**Input material**
────────────────────────────────────────

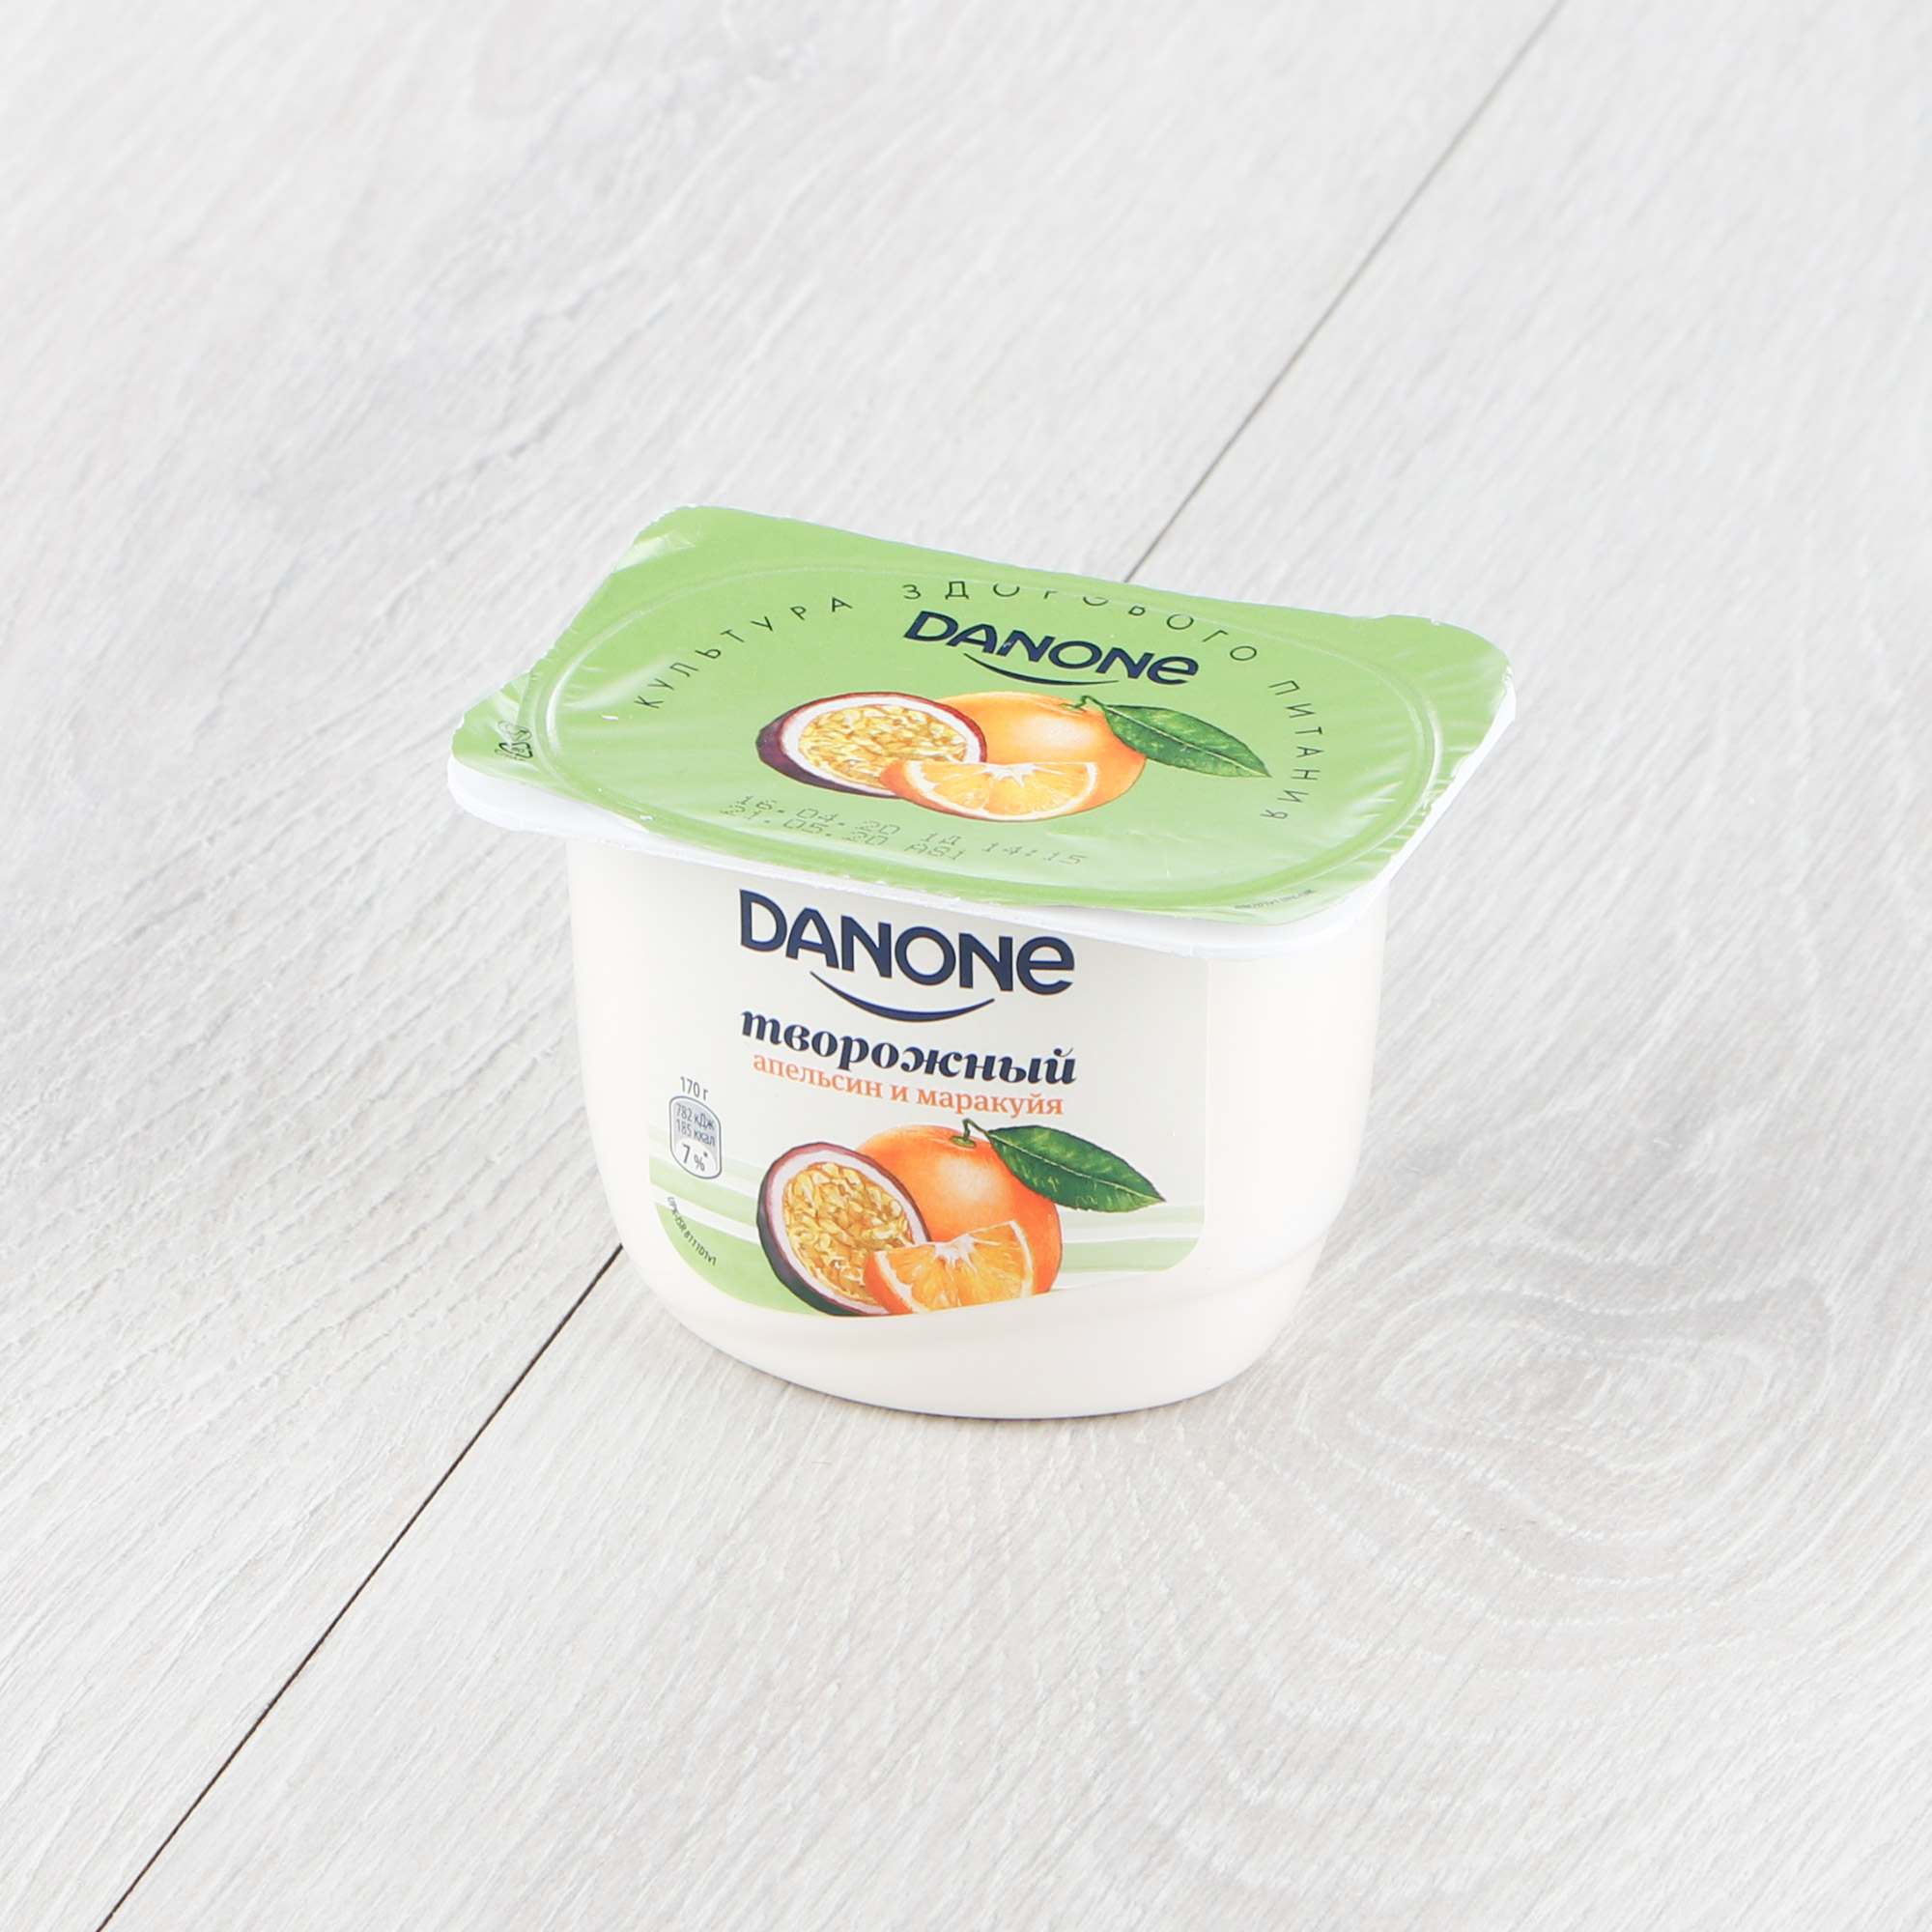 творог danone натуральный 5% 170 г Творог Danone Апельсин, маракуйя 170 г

────────────────────────────────────────

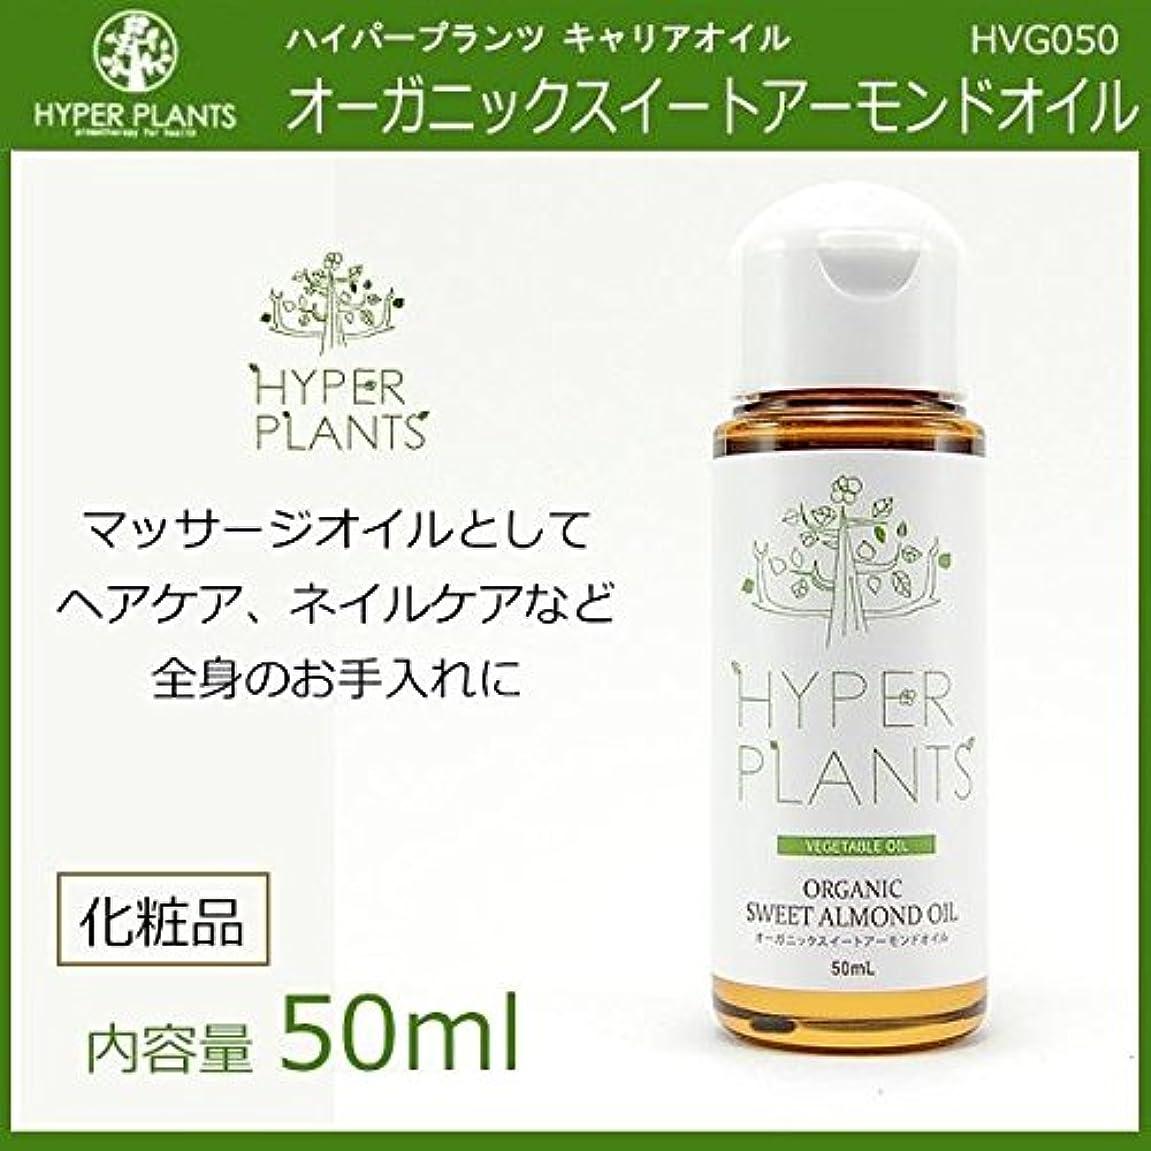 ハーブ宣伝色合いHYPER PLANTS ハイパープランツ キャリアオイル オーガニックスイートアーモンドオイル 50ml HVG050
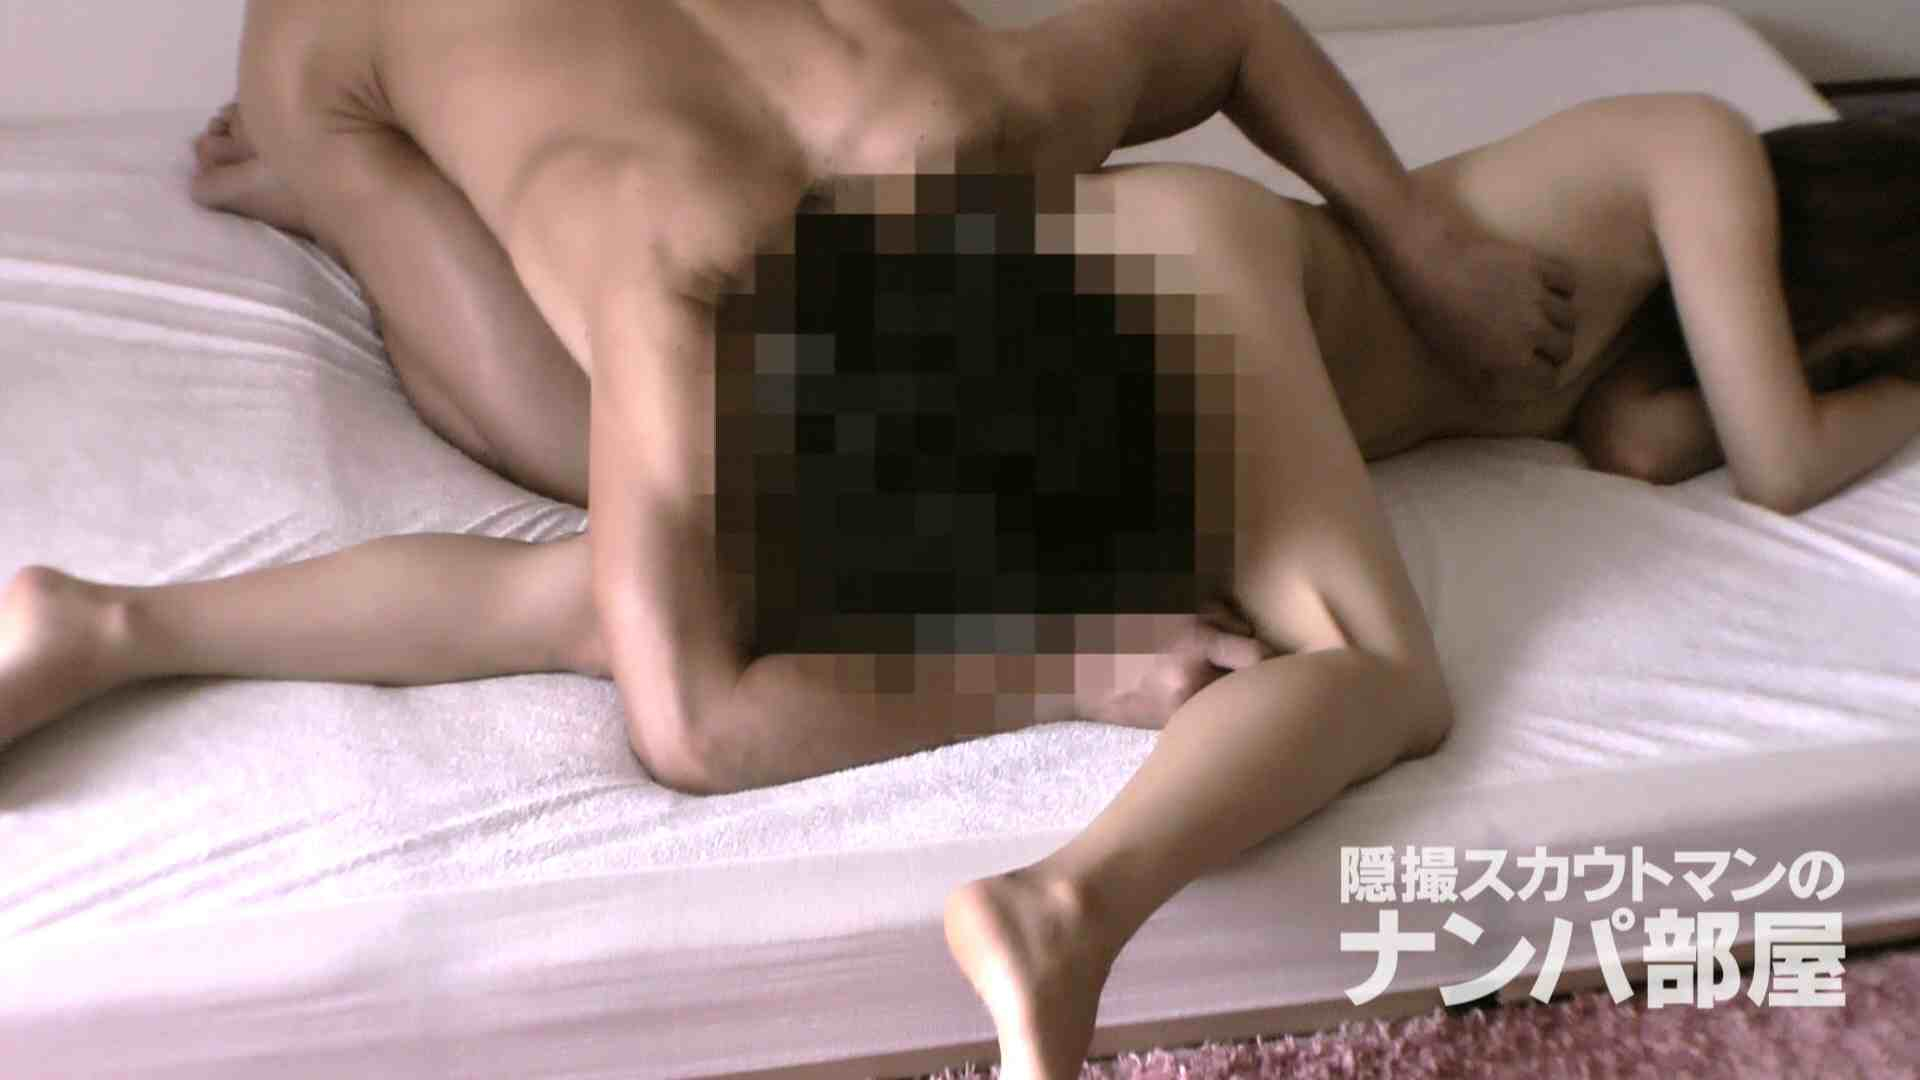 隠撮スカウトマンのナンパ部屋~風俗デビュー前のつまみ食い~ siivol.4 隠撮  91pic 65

────────────────────────────────────────

**Prompt**
Leave out every picture, and copy exactly the lines above starting at the one holding "ハーブ宣伝色合いHYPER PLANTS ハイパープランツ" and ending at the one holding "隠撮スカウトマンのナンパ部屋~風俗デビュー前のつまみ食い~ siivol.4 隠撮", no more and no less.

**Result of the exercise**
 ハーブ宣伝色合いHYPER PLANTS ハイパープランツ キャリアオイル オーガニックスイートアーモンドオイル 50ml HVG050
 隠撮スカウトマンのナンパ部屋~風俗デビュー前のつまみ食い~ siivol.4 隠撮  91pic 65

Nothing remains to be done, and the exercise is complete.